*Your assignment:*
Skip every picture, and copy exactly the lines from the one containing "Billede: DSC_3319 Rare" to the end of the data.

*Available data:*
■ ■ ■ ■ ■ ■ ■
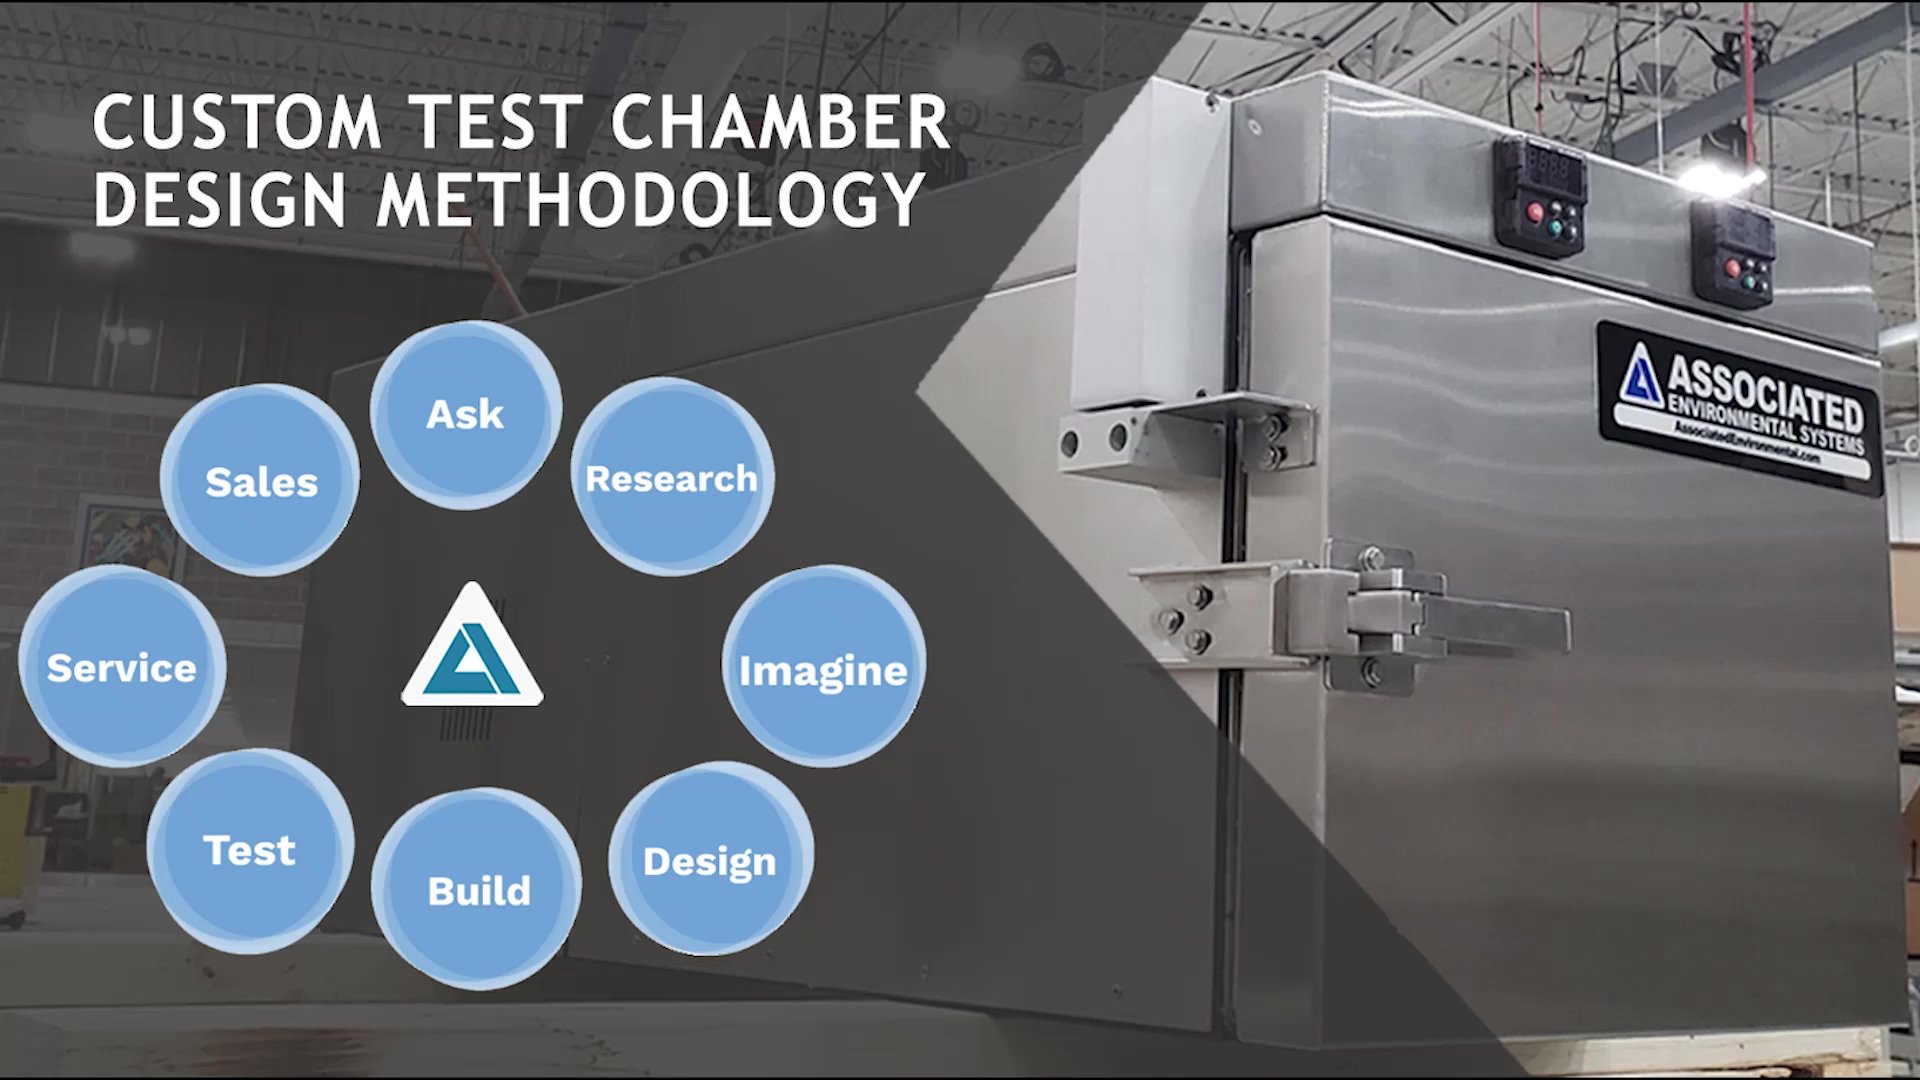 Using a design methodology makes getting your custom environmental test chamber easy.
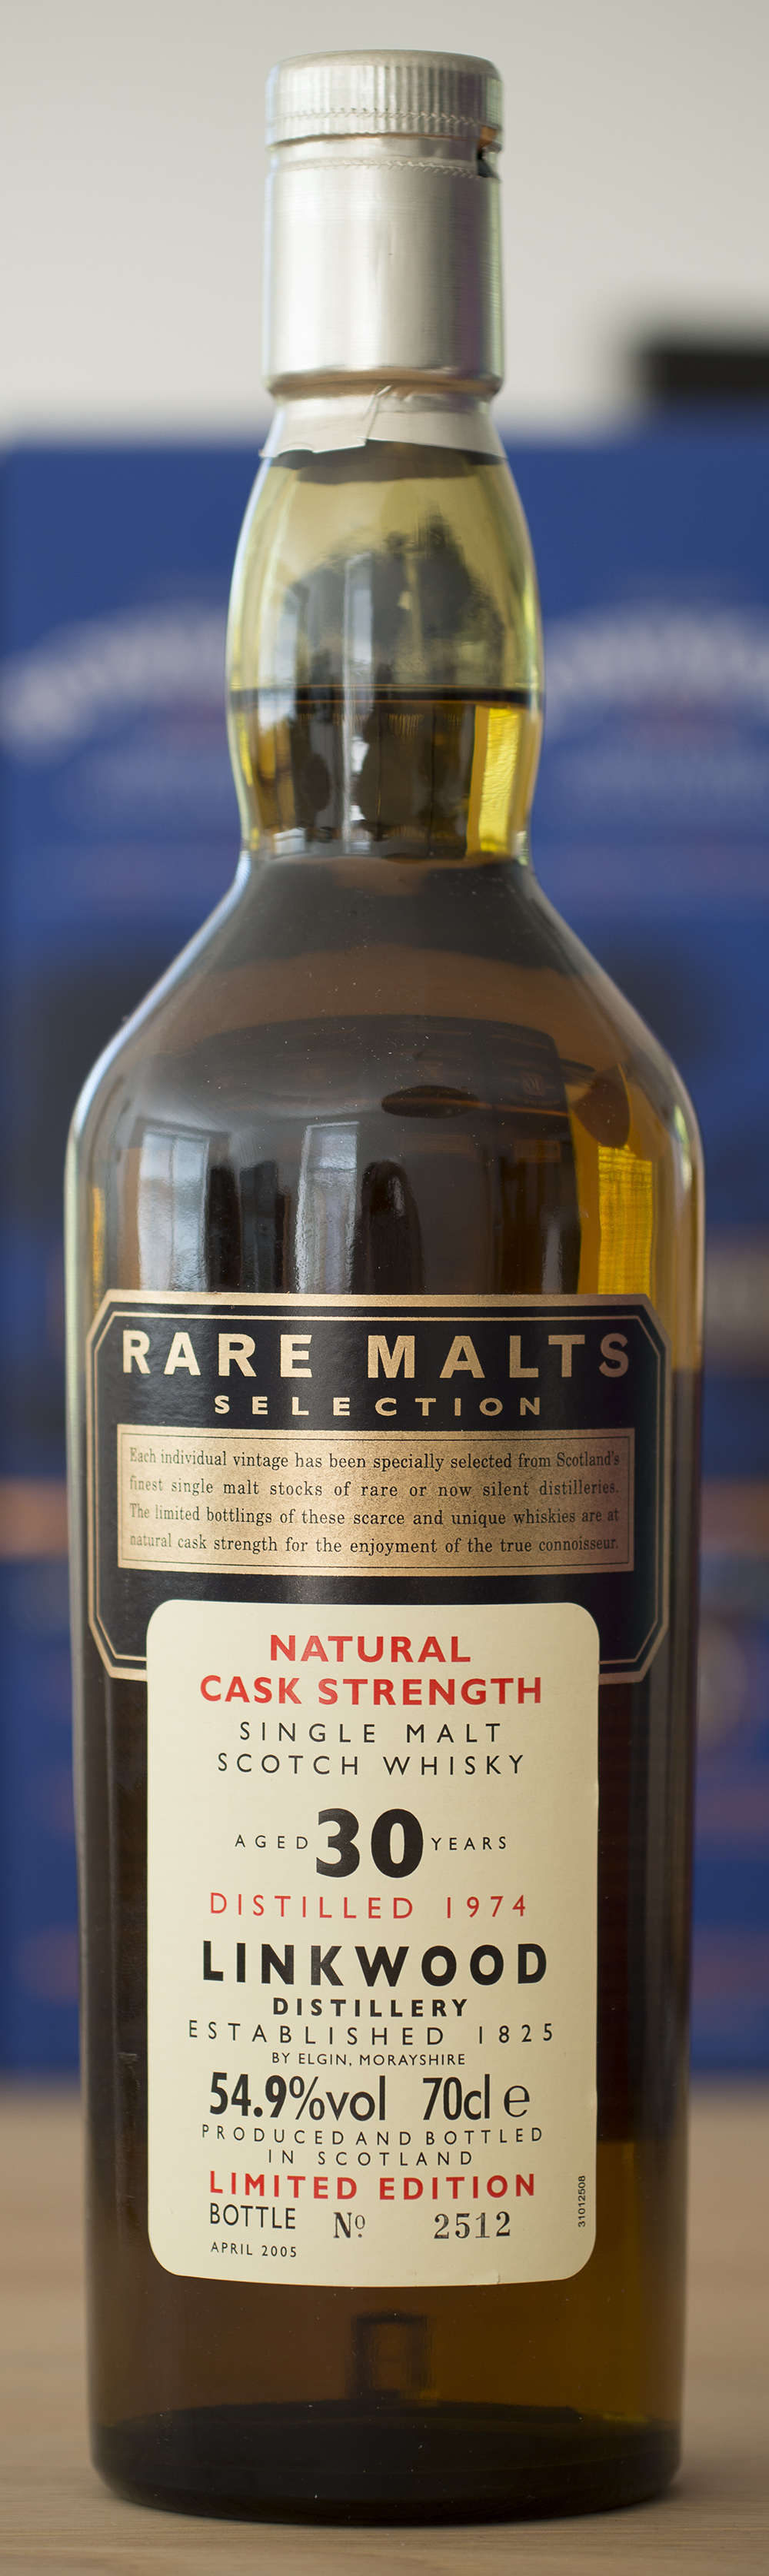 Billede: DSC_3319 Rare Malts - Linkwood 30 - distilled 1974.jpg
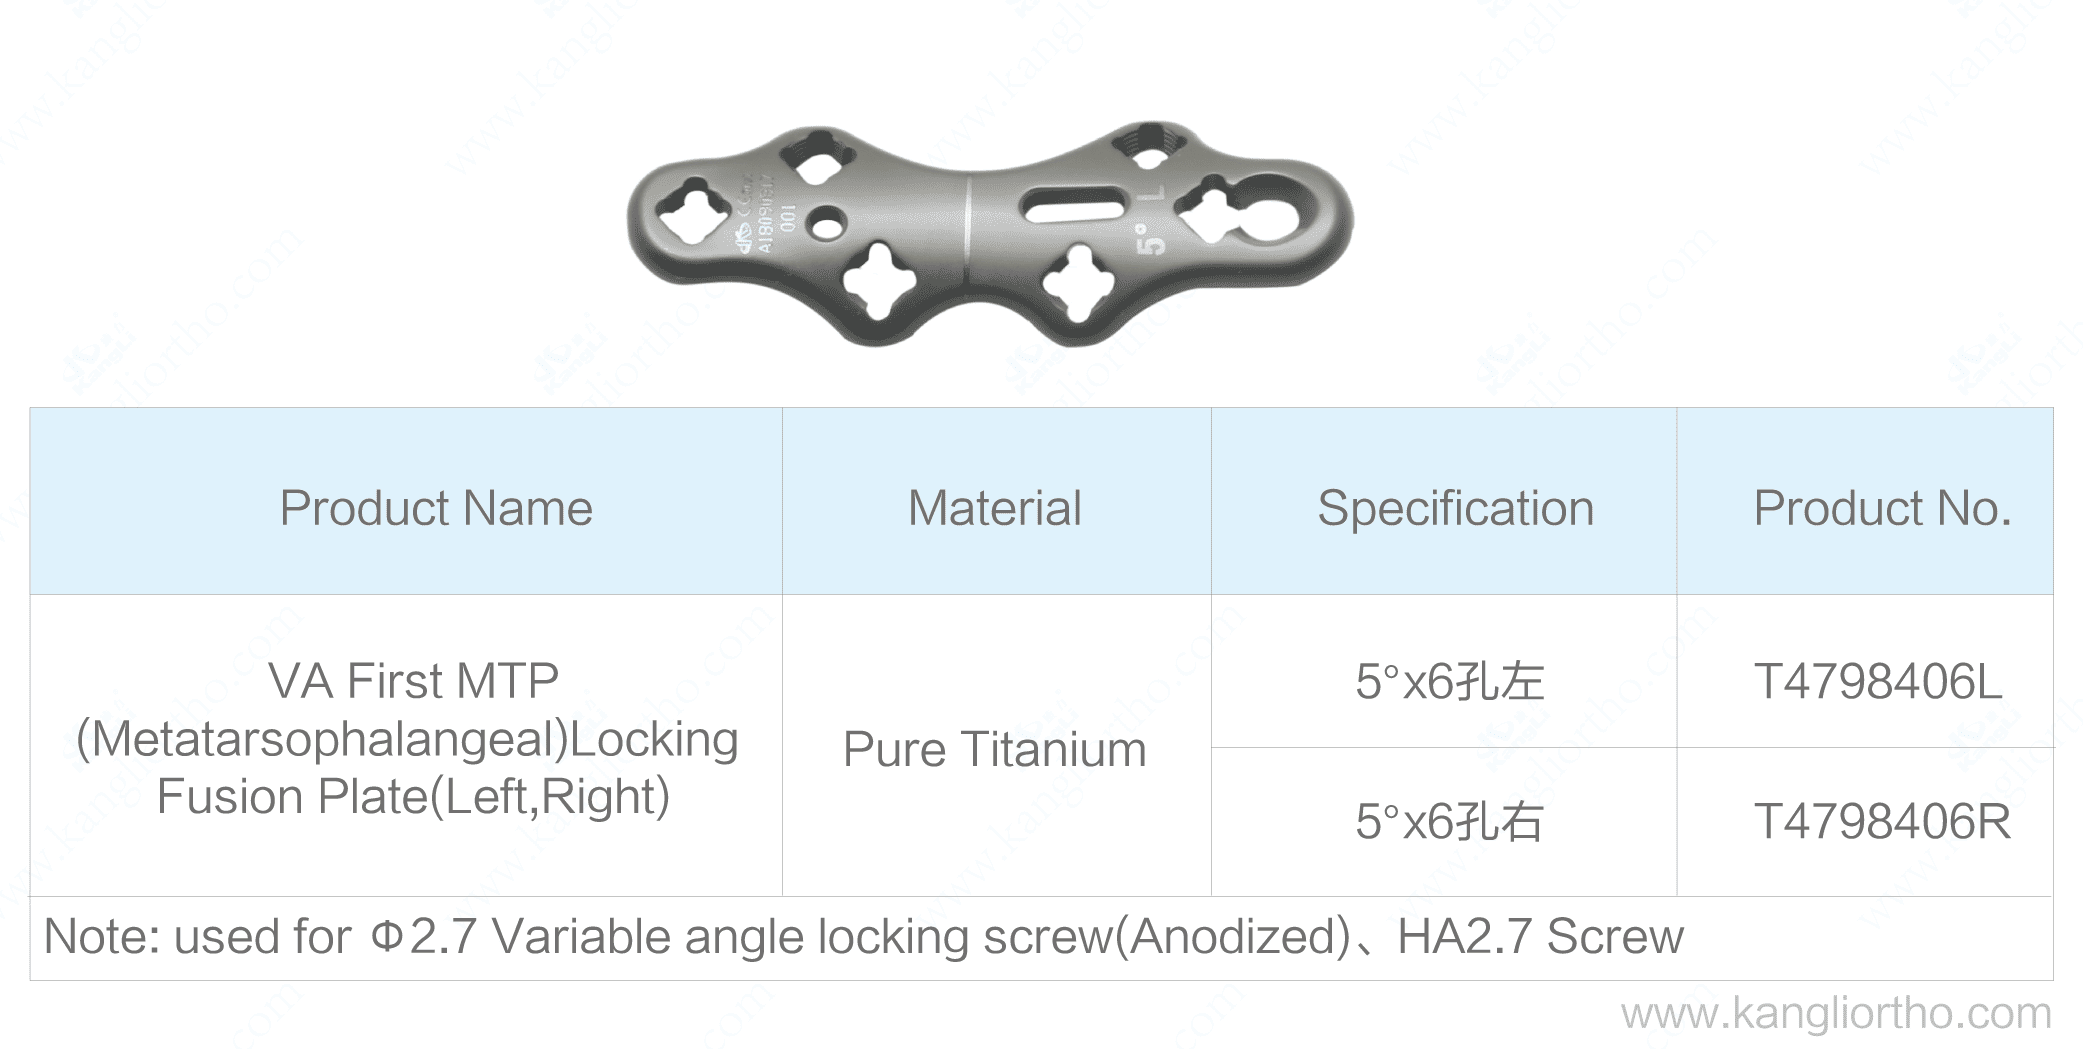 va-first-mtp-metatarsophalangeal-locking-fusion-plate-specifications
■ ■ ■ ■ ■ ■ ■
*Task solution:*
 Billede: DSC_3319 Rare Malts - Linkwood 30 - distilled 1974.jpg
 va-first-mtp-metatarsophalangeal-locking-fusion-plate-specifications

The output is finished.